ビジネス
2019/1/28 17:30

これからは二足のわらじが当たり前! 税理士が考える「副業」の選び方

働き方が多様化する現代。終身雇用が崩れる一方、ギグエコノミーという新しい働き方が広がっています。副業も変化しており、「複業(複数の仕事を生業とする)」という考え方も発展しています。読者のなかにもすでに副業をされている方がいるかもしれませんが、私たちはこれからどうやって副業をしながら働いていけばよいのでしょうか? お金の問題に詳しい税理士・木下勇人さんに副業の意義や選び方、収入の管理、納税についてお話を聞きました。

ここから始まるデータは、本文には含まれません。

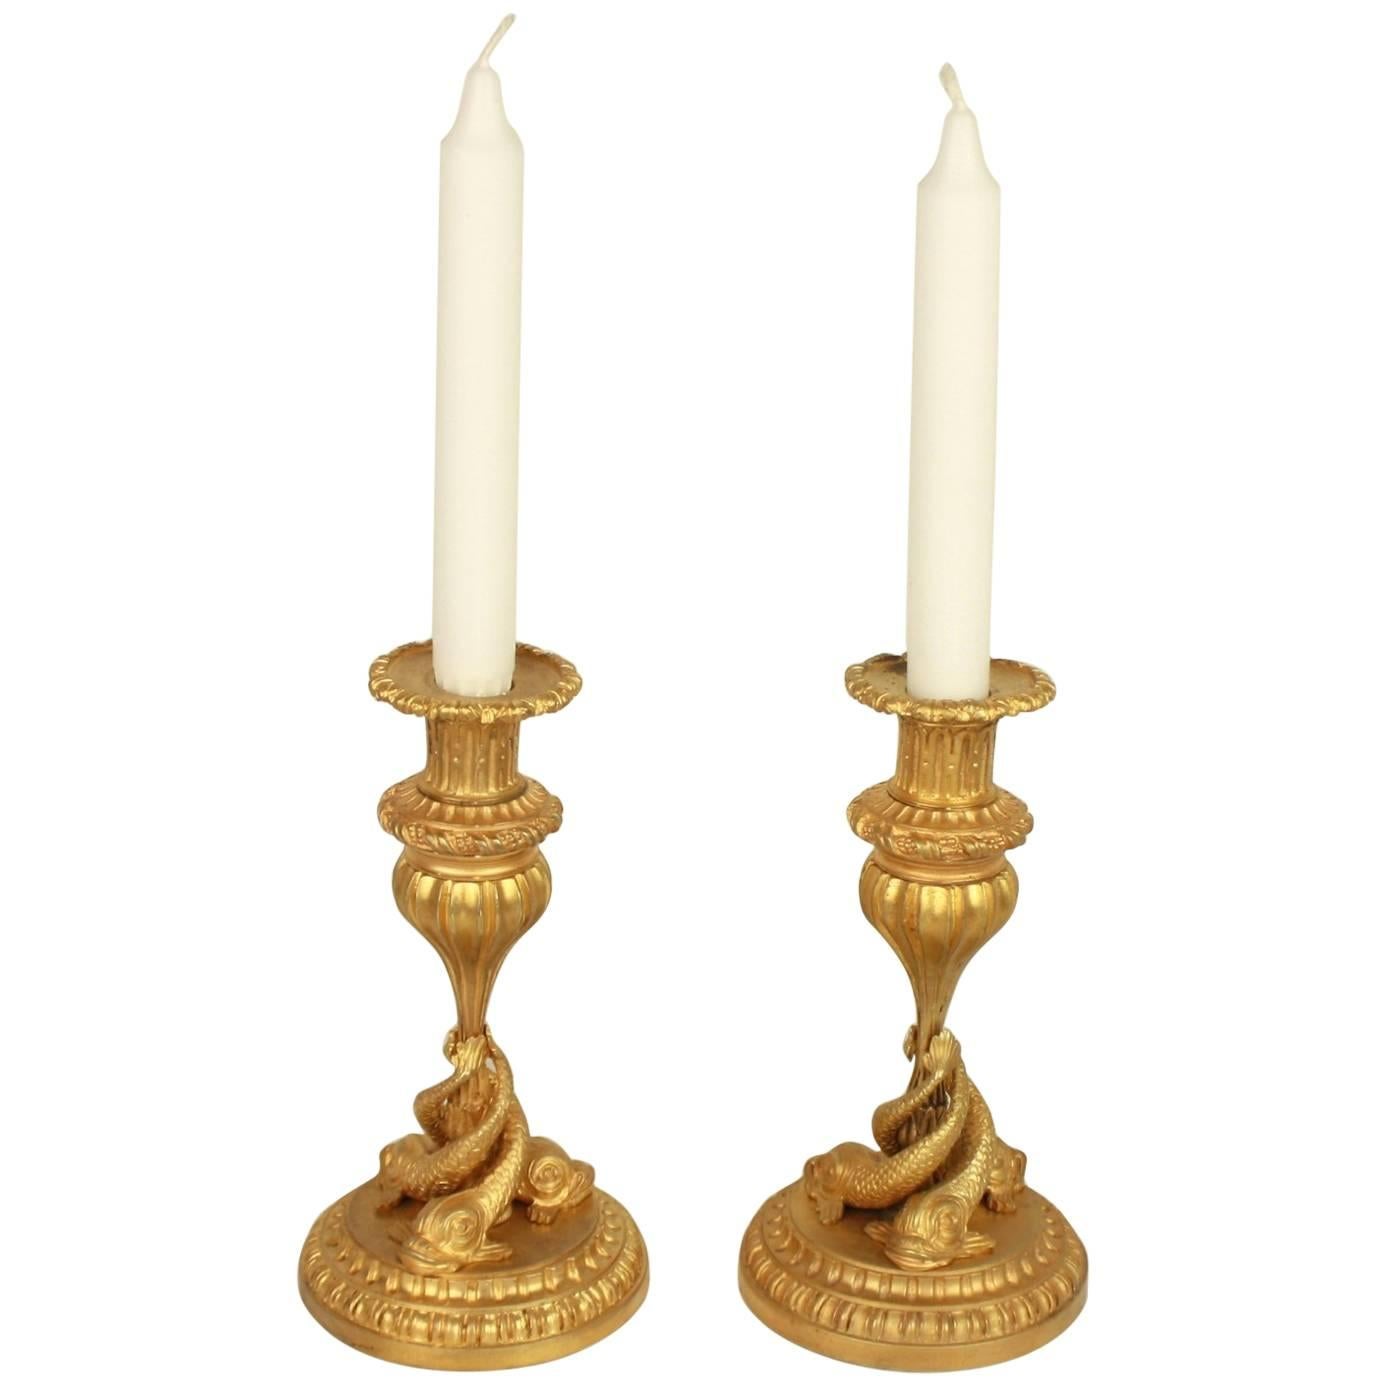 Pair of 19th Century Ormolu Candlesticks with Entwined Dolphins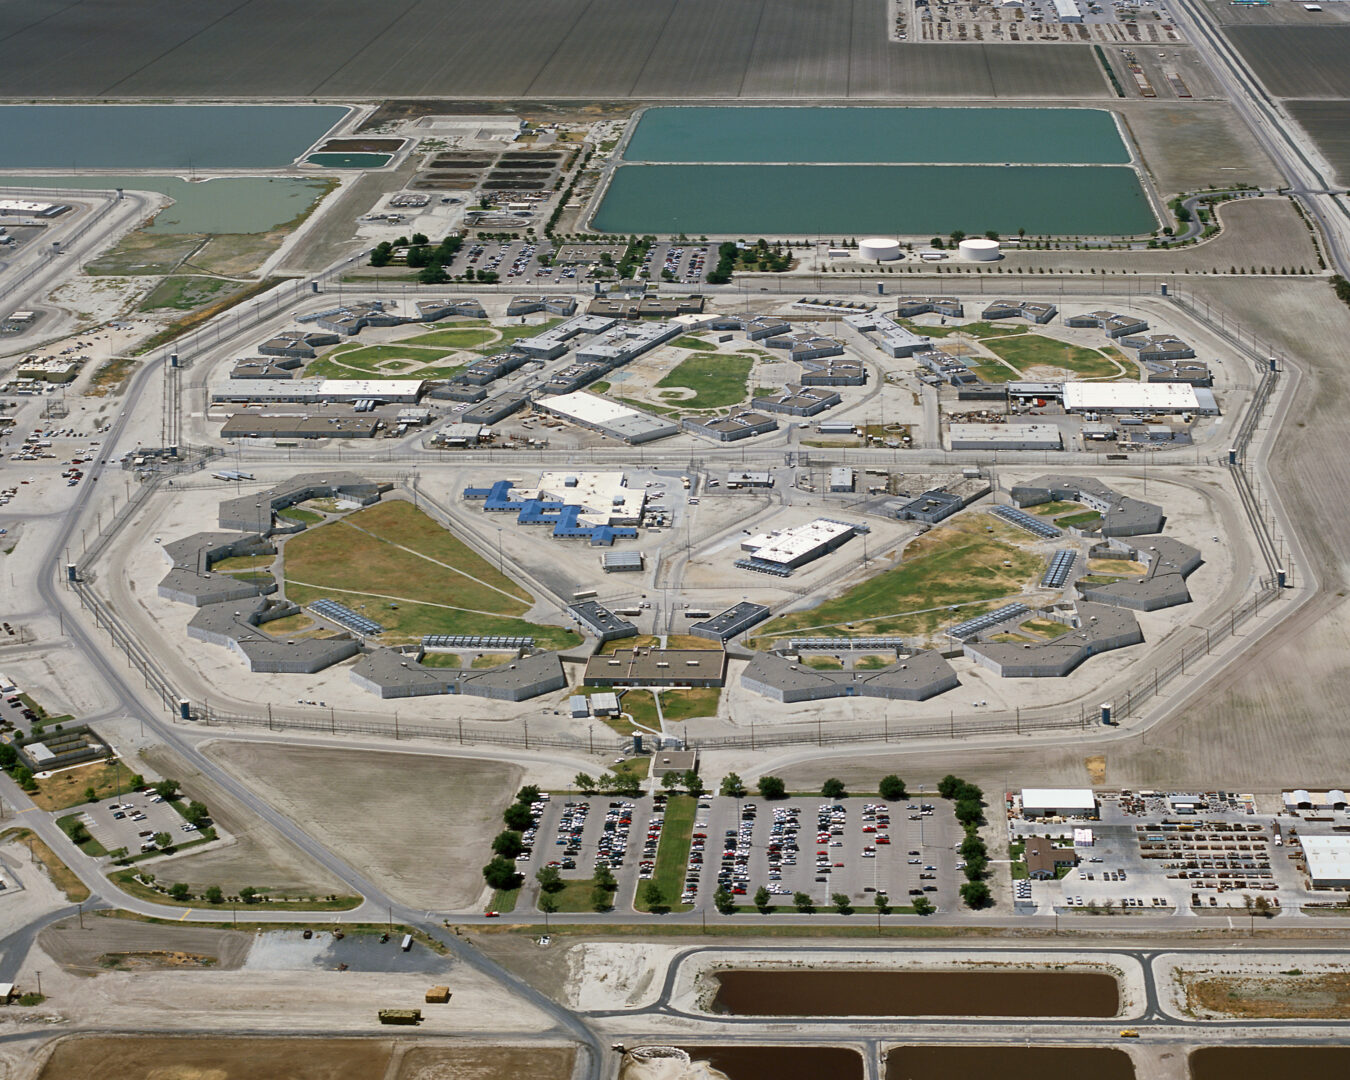 Aerial view of Corcoran State Prison in California

↑税理士法人レディング 公認会計士・税理士、木下勇人さん

 

副業の意識がないと取り残される時代に

――社員の副業を認める企業は増えているのでしょうか?

 

木下勇人さん(以下:木下) リクルートキャリアが行った2018年の調査では、28.8%の企業が副業や兼業を容認・推進していることが判明しました。これは17年の調査から5.9ポイント増加しているのですが、逆に言うと、71.2%の企業は副業や兼業を禁止しています。「新しさ」を掲げる一部の上場企業やIT企業が、PRの一貫で副業を認めるケースが少し出てきましたが、全体的には「副業はダメ」というのが企業や国の考えだと思ってよいでしょう。

 

労働基準法でも決められているのですが、サラリーマンは雇用されている企業に対して「誠心誠意、会社の収益確保に従事する」ということを守らなければいけません。そうなると、会社外の副業でお金を稼ぐということは、なかなか許してもらえないんです。

 

しかし、個人的には、この流れもやがて変わっていくだろうと思っています。実際、国にしても企業にしても、最後まで国民や社員の面倒を見ることが難しくなっています。生涯貢献した企業の退職金だって少ない。あるいは、企業そのものが倒産する可能性すらあります。また、AIがもっと発展・普及すれば、企業側が雇う社員の数はもっと少なくなるかもしれません。

 

このように考えると、自分で少しずつ稼いでいくしかありません。昔のように「その会社で一生を遂げる」という意識ではダメ。「あれもやりながら、これもやりながら」といった柔軟な姿勢でお金を稼いでいかなくてはいけない時代になっていくはずだと思います。

 

逆に、このような意識がない人はこれから先、取り残されることがあるかもしれません。もしサラリーマンとして、最低限のお金を稼げているのであれば、ローリスクの副業からどんどん始めていくべきだと私は考えています。

 

税理士が考えるオススメの副業とは?

――おススメの副業はありますか?

 

木下 簡単に稼げそうな副業の多くは、すでに人が群がっているんですよね。例えば、アフィリエイト、アドセンス、ネットショップ、YouTuberなどは、いまから始めてみても「ときすでに遅し」で、期待するほど儲かりません。ただし、すべての人がダメという訳でなく、もしかすると感覚的に合う方がいるかもしれません。しかし、早い時期に手を出した人たちが儲けているので、後続の人たちにとってはなかなか難しいと思います。ただ、それでもやらないよりはマシだと思います。

 

まずは、「言われたことしかやらない」という発想から抜け出して、自分の時間を投資する意味でやっておくに越したことはありません。また、会社での仕事以外の視点も得られるので、頭が柔軟になり、気分転換にもなり、会社での仕事によい効果をもたらすかもしれません。

 

――インターネット以外の副業でもよいのでしょうか?

 

木下 もちろんです。オススメはホテルやビルなどの24時間体制の施設での宿直や運転代行です。寝不足にならないように注意しなければなりませんが。

 

――副業に向いていないと思う仕事は?

 

木下 まずはアンケートモニター。パートさんにとっては結構いい仕事みたいですけれど、メールチェックの作業に時間がかかる割に薄給のようです。したがって、時間がないサラリーマンには不向きだと言えます。

 

土日などに働く引っ越しのスタッフもオススメできません。賃金がよく、求人も多いので、魅力的な仕事に映りますが、体力的に相当厳しいでしょう。よほど体力に自信がなければ避けるべきといえます。

 

あとは自らが個人店舗となって「仕入れて転売して稼ぐ」という仕事。一見よさそうですけど、これは普通の卸売り業者と同じように、仕入れと在庫を抱えるリスクが伴います。なので、仕入れ値と利幅、売れ行き動向について見定められないと大変なことになります。素人でも難しい部分もありますし、本業の間にやる仕事としては難しいでしょう。

 

やはり、あくまでも副業ですから、たとえ賃金が低くても、本業に支障をきたさない程度のものがよいと思います。